§ **MATERIAL PROVIDED**:
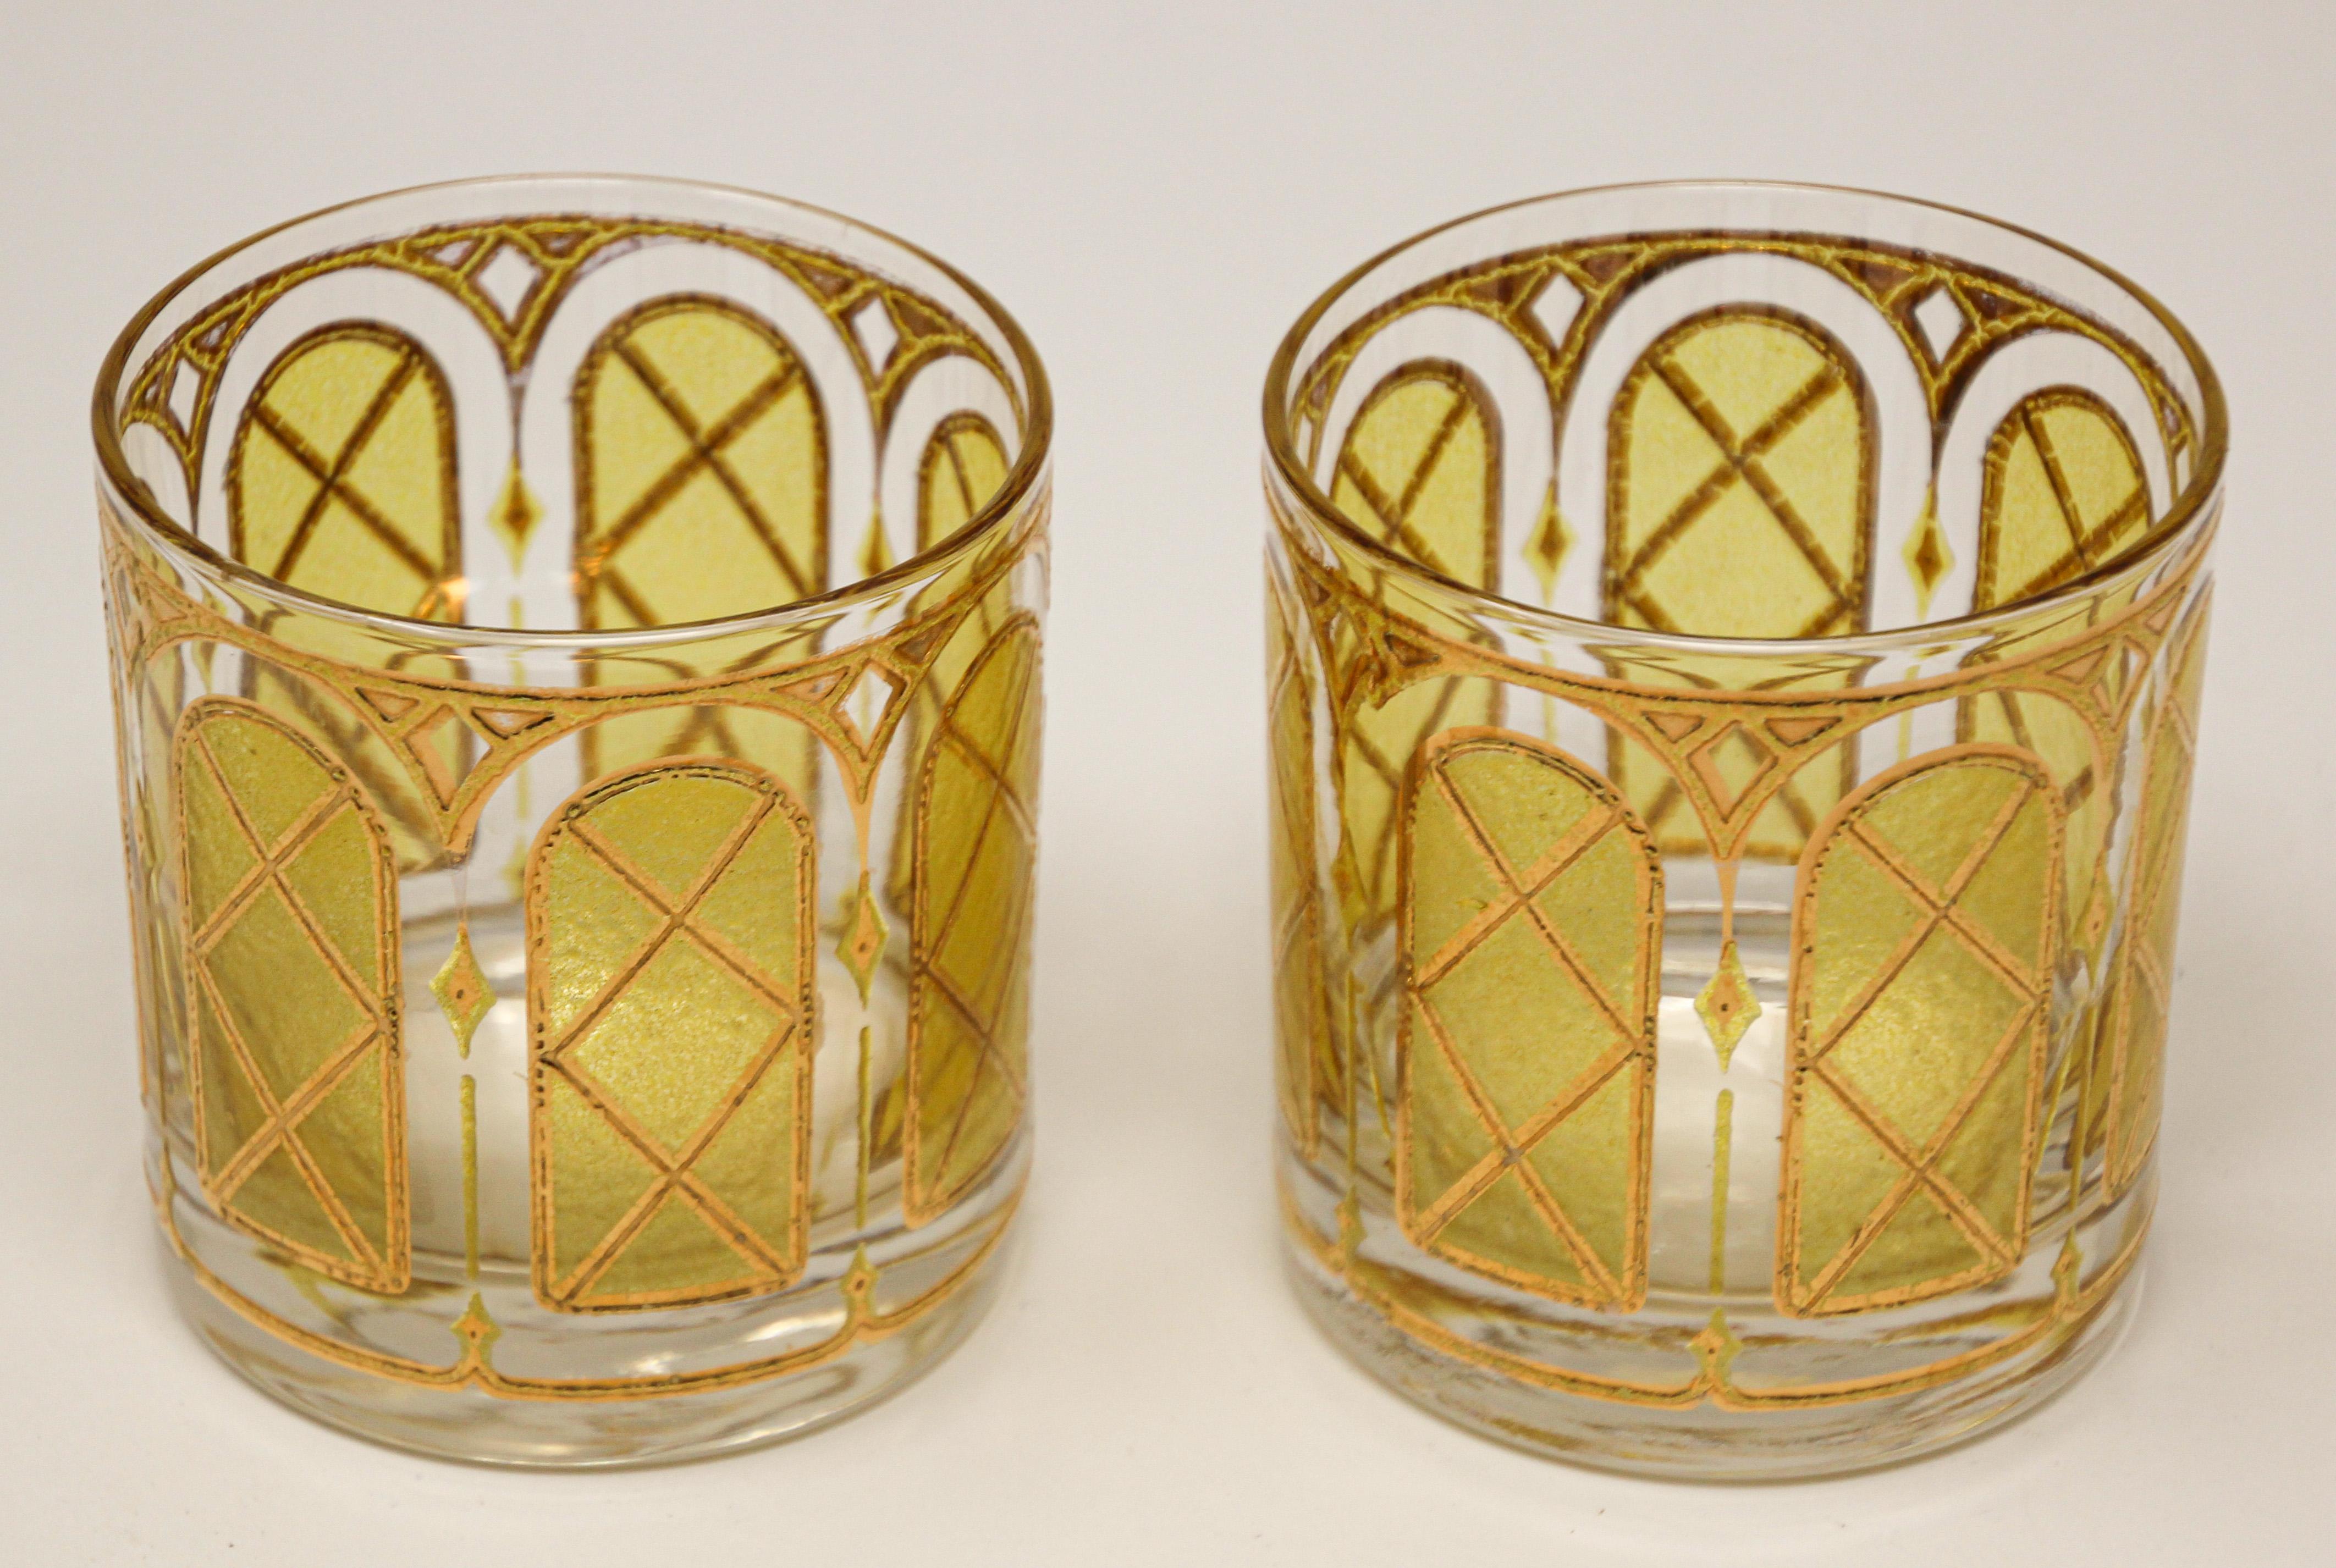 Elegant exquisite vintage set of two whiskey glasses designed by Fred Press.
The glasses are decorated with gold, vintage condition, Culver style.
Each glass:
Size: 3.5
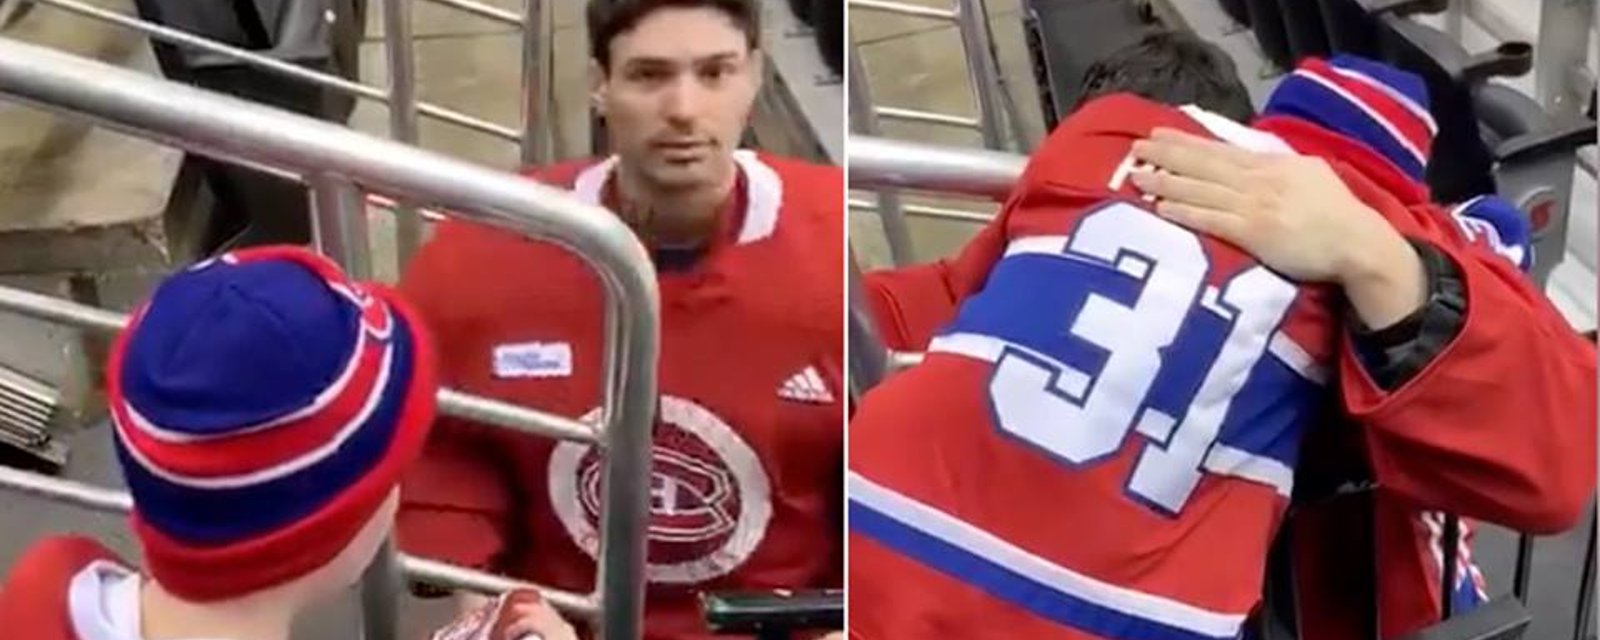 Young boy who lost his mother to cancer gets a chance to meet his hero Carey Price
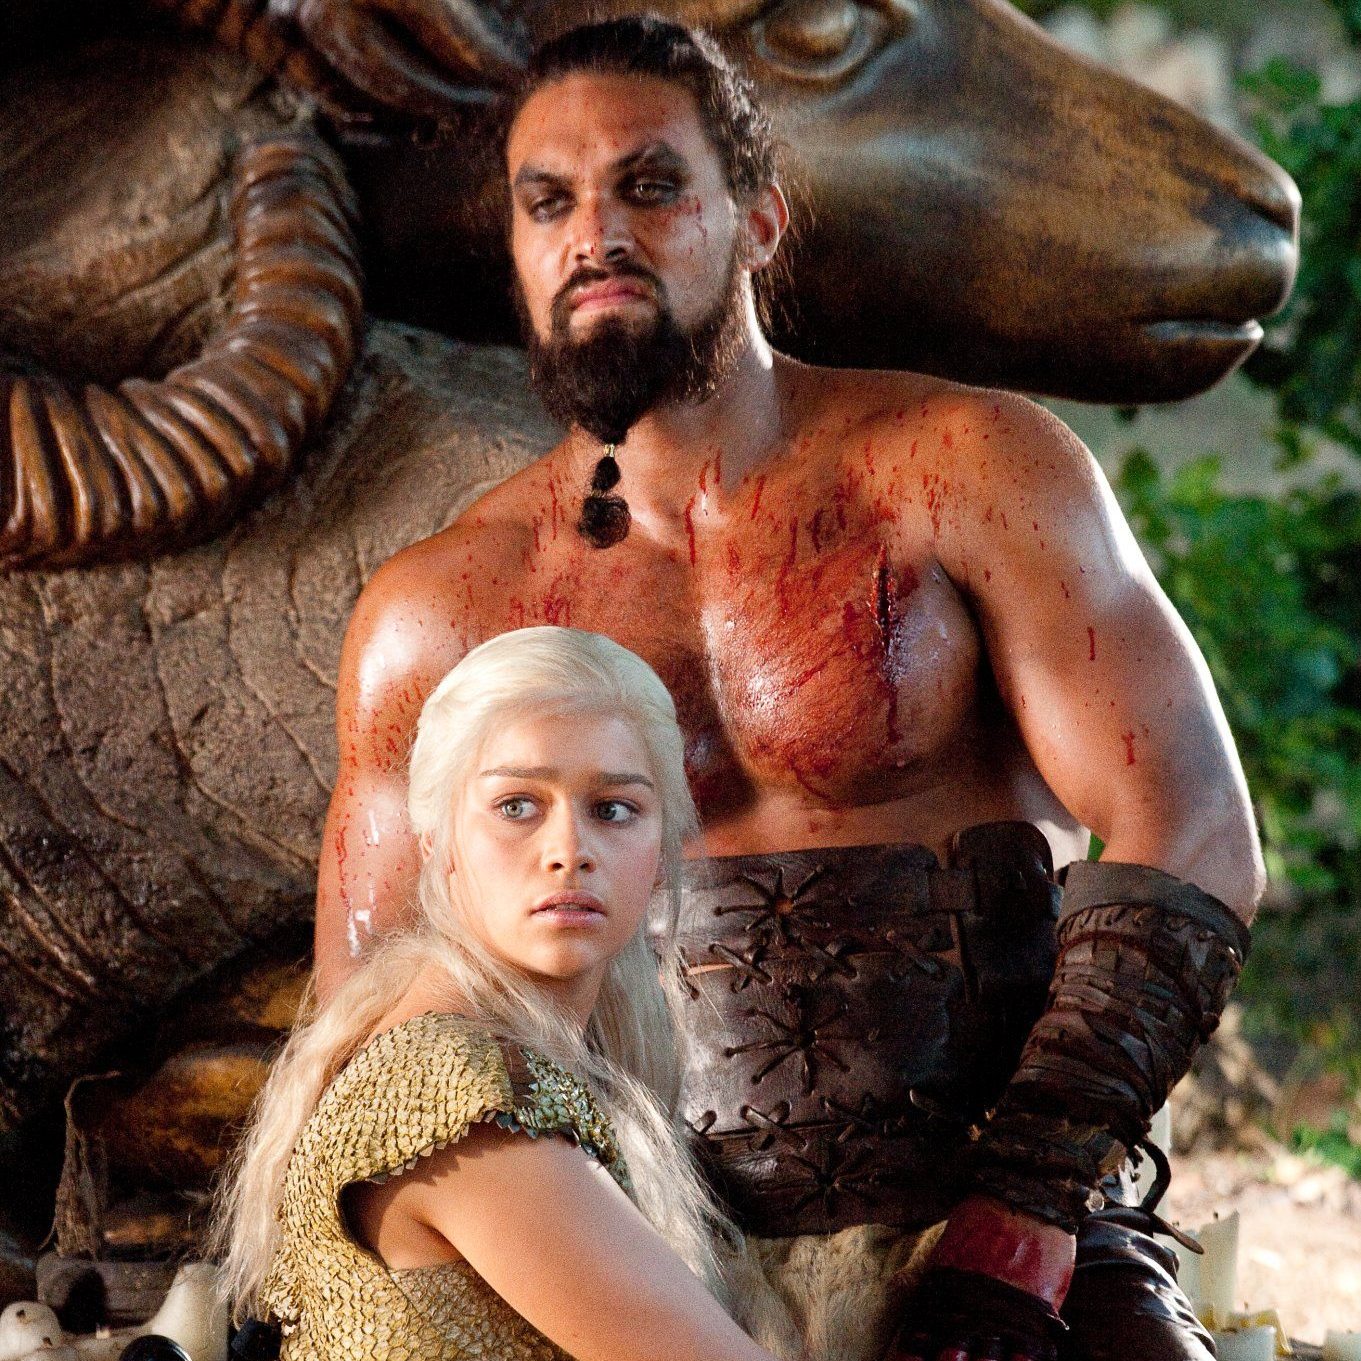 ⚔️ Only “Game of Thrones” Fanatics Can Get a Perfect Score on This Character Death Quiz Khal Drogo and Daenerys Targaryen

§ **AIM OF THE TASK**:
The listing above must be restated word for word. Its pictures are to be left out.

§ **ANSWER BOX**:
 Elegant exquisite vintage set of two whiskey glasses designed by Fred Press.
The glasses are decorated with gold, vintage condition, Culver style.
Each glass:
Size: 3.5
 Young boy who lost his mother to cancer gets a chance to meet his hero Carey Price
 ⚔️ Only “Game of Thrones” Fanatics Can Get a Perfect Score on This Character Death Quiz Khal Drogo and Daenerys Targaryen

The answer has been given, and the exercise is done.